I need every line from the start of the material below up to and including the line containing "Empty boardwalk in forest", restated exactly, with the pictures omitted.

▶ _DATASET SECTION_:
__________
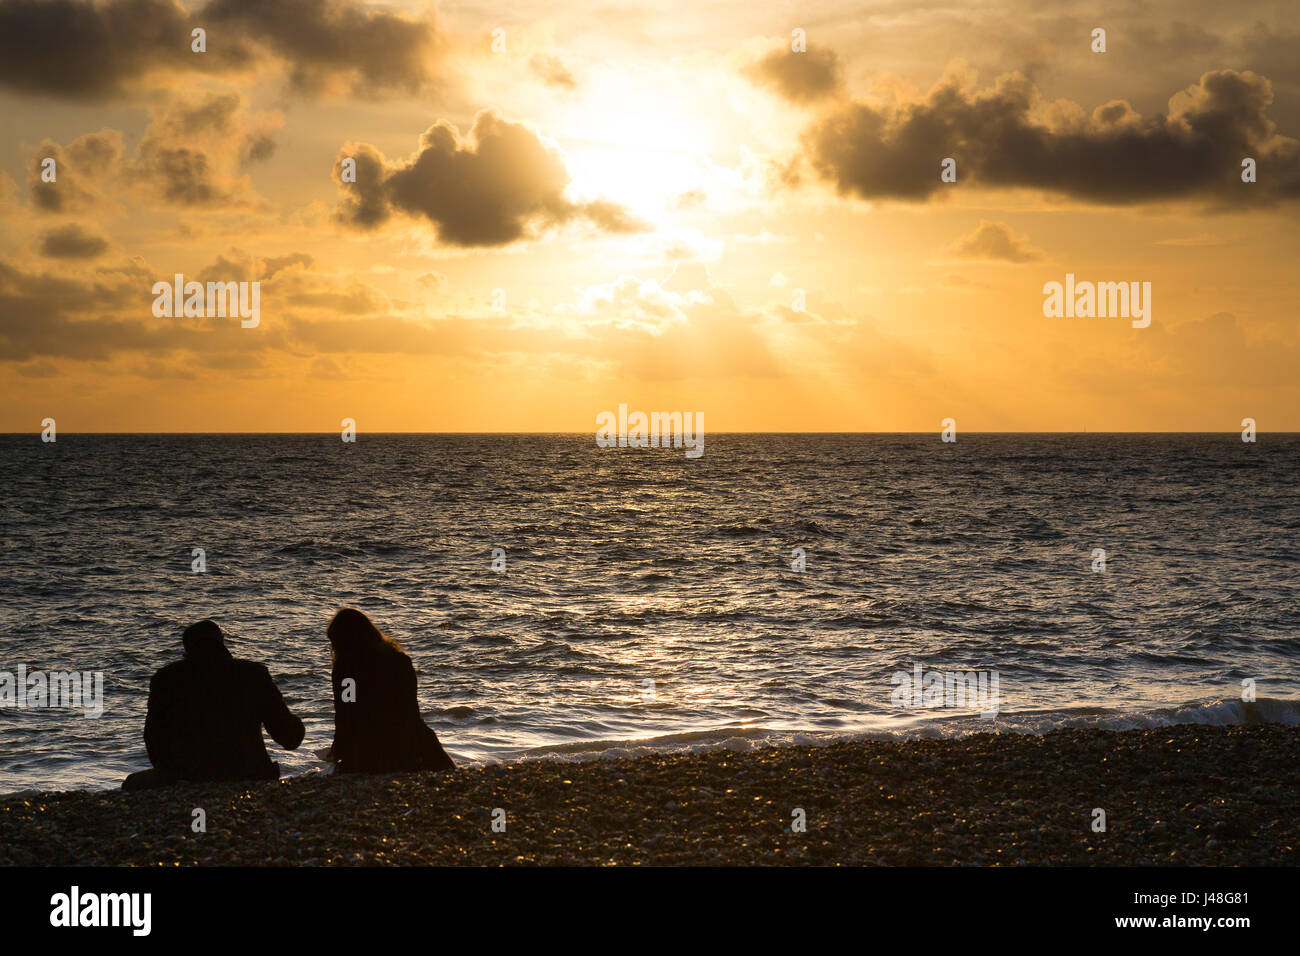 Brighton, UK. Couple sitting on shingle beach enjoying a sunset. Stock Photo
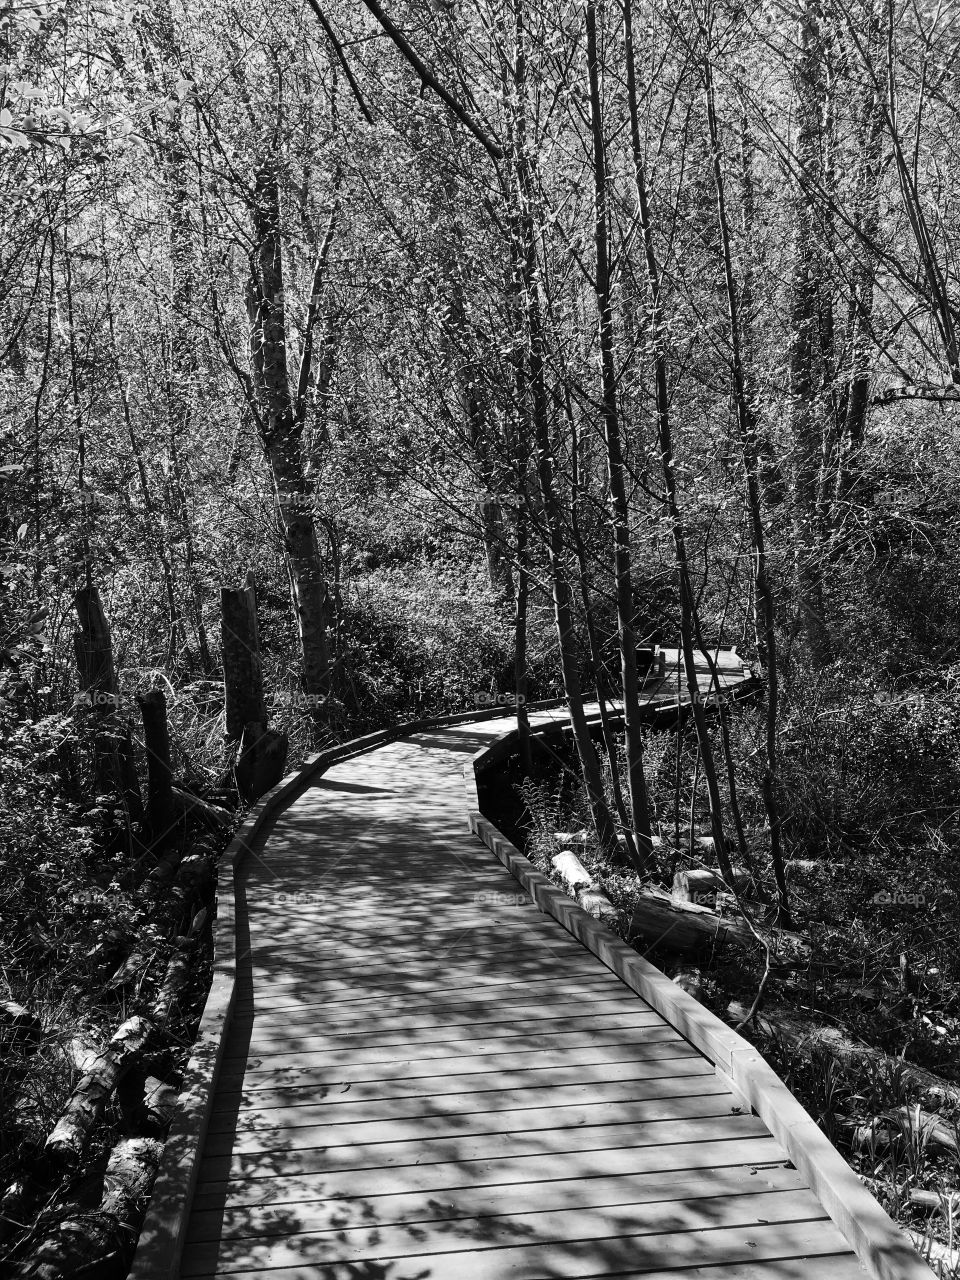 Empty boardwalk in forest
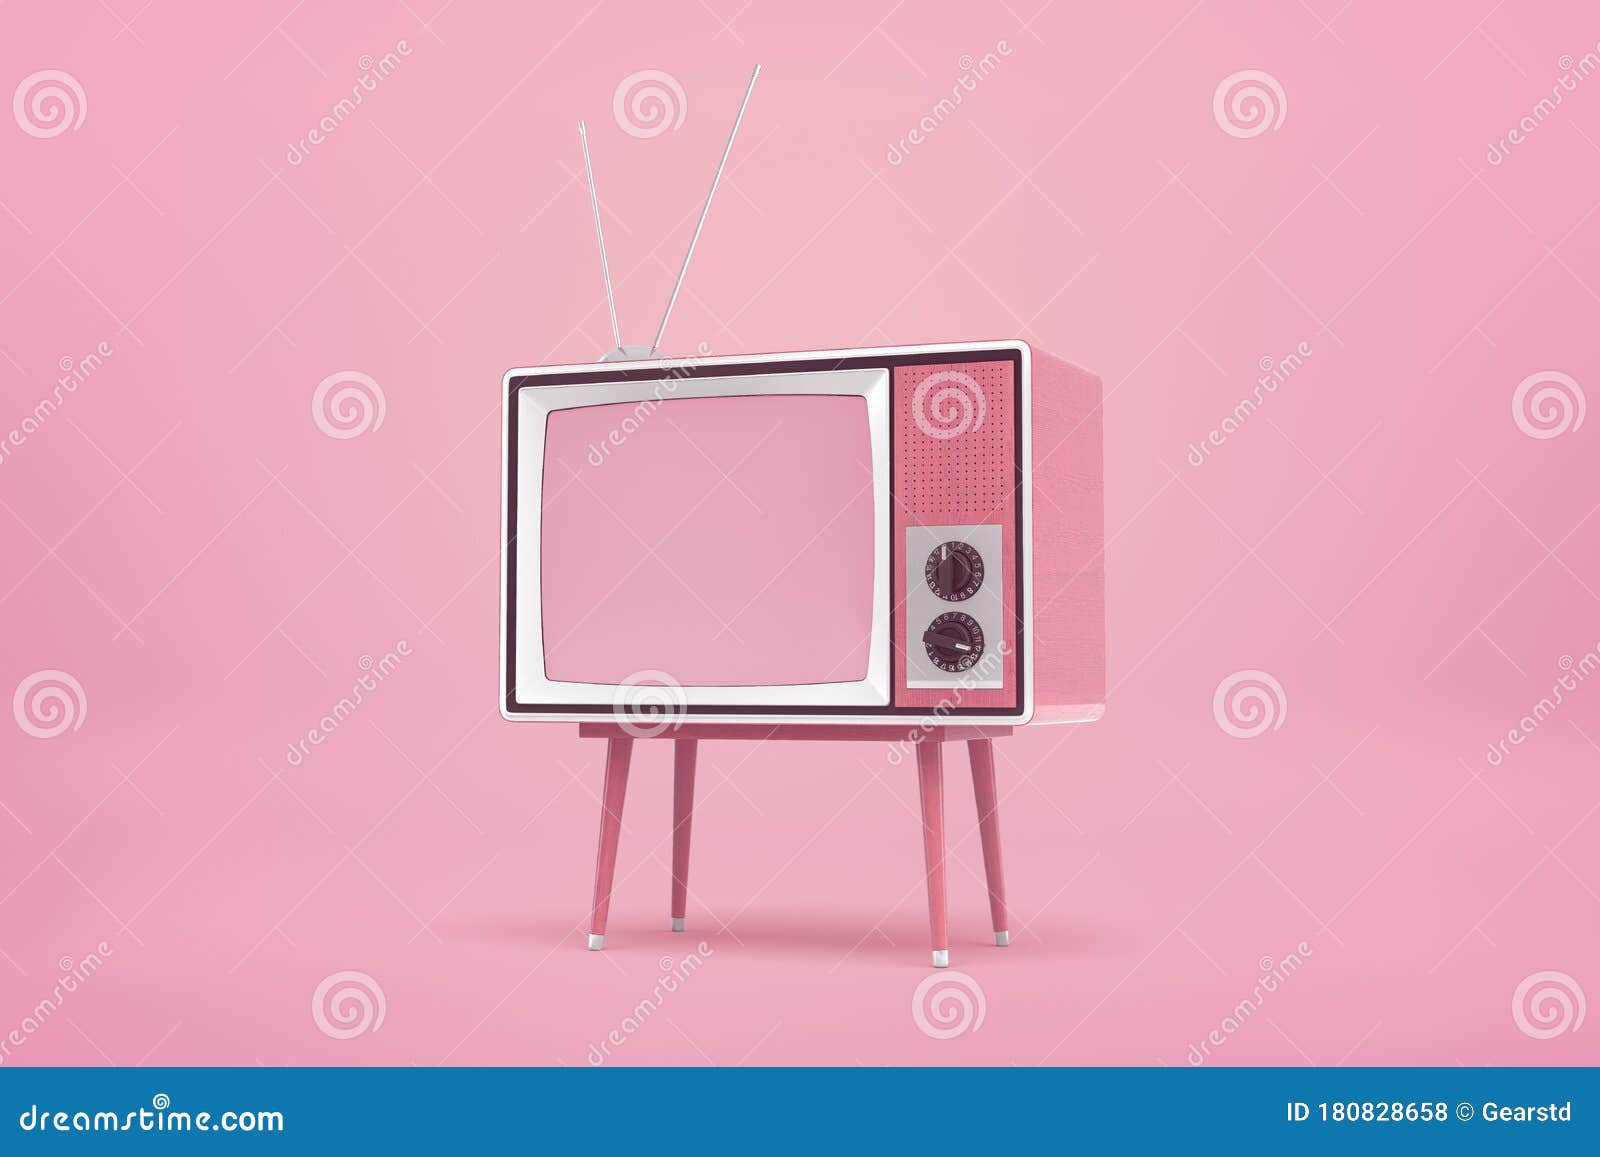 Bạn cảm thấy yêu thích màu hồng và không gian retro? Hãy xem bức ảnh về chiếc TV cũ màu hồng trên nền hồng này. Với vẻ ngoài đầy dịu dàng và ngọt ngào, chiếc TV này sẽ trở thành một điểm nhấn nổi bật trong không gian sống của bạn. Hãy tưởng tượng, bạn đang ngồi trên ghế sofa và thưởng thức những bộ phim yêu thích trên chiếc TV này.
__________
▶ _EXERCISE SOLUTION_:
 Brighton, UK. Couple sitting on shingle beach enjoying a sunset. Stock Photo
 Empty boardwalk in forest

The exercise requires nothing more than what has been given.